• **Your instructions**
"Garoppolo says goodbye" appears in one line of the listing below; retype that line and every later line exactly, stopping at the end, and nothing else.

• **Input data**

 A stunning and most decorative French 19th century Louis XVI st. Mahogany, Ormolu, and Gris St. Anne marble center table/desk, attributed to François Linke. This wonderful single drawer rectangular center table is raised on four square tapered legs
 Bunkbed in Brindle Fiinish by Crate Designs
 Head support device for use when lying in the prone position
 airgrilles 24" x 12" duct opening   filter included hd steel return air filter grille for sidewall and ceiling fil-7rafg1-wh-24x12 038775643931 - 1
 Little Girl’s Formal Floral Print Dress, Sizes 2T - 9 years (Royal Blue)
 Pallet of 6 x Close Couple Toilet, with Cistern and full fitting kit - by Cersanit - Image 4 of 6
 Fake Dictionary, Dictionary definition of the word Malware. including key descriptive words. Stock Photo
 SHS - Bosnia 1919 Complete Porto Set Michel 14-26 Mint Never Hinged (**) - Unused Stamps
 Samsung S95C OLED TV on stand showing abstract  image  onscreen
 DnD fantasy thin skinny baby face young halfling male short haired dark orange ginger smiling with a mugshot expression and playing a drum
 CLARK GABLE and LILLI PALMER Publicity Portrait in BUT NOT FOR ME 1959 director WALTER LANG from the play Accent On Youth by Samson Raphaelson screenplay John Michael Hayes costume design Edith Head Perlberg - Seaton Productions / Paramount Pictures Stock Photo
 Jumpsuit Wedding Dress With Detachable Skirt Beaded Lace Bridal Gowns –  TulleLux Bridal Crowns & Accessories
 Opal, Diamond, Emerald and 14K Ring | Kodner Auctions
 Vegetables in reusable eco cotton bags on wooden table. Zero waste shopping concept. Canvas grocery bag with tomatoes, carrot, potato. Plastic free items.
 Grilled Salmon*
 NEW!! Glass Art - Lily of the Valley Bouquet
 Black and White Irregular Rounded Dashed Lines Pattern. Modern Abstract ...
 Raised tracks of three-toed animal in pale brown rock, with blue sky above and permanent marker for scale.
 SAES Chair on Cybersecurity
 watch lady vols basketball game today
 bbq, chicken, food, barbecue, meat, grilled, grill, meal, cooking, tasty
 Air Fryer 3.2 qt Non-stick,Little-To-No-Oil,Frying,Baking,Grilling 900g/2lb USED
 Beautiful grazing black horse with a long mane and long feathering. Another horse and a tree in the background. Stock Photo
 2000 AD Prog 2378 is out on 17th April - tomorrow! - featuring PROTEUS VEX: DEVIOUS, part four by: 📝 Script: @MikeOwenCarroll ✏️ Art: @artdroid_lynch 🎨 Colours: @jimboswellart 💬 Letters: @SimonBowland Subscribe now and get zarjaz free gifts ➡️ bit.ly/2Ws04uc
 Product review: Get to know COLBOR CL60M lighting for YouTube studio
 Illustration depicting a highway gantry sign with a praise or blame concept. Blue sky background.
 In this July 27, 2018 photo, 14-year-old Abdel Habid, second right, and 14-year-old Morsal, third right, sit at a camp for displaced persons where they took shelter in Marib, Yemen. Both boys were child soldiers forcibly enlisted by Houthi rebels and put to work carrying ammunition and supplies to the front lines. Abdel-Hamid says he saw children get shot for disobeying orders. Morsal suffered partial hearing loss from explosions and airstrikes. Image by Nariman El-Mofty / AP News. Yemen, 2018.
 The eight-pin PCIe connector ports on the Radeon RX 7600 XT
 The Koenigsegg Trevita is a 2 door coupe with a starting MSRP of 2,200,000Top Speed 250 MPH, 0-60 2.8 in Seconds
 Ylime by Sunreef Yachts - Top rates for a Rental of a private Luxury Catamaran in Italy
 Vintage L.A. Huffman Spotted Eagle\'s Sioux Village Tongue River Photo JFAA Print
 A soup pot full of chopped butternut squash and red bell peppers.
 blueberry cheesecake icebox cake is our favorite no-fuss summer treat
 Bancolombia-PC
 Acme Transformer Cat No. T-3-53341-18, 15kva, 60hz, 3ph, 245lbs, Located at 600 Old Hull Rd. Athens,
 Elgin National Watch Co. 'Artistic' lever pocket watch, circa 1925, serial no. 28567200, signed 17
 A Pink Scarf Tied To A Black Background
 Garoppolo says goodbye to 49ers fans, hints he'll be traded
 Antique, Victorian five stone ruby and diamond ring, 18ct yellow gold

• **Solution to the problem**
 Garoppolo says goodbye to 49ers fans, hints he'll be traded
 Antique, Victorian five stone ruby and diamond ring, 18ct yellow gold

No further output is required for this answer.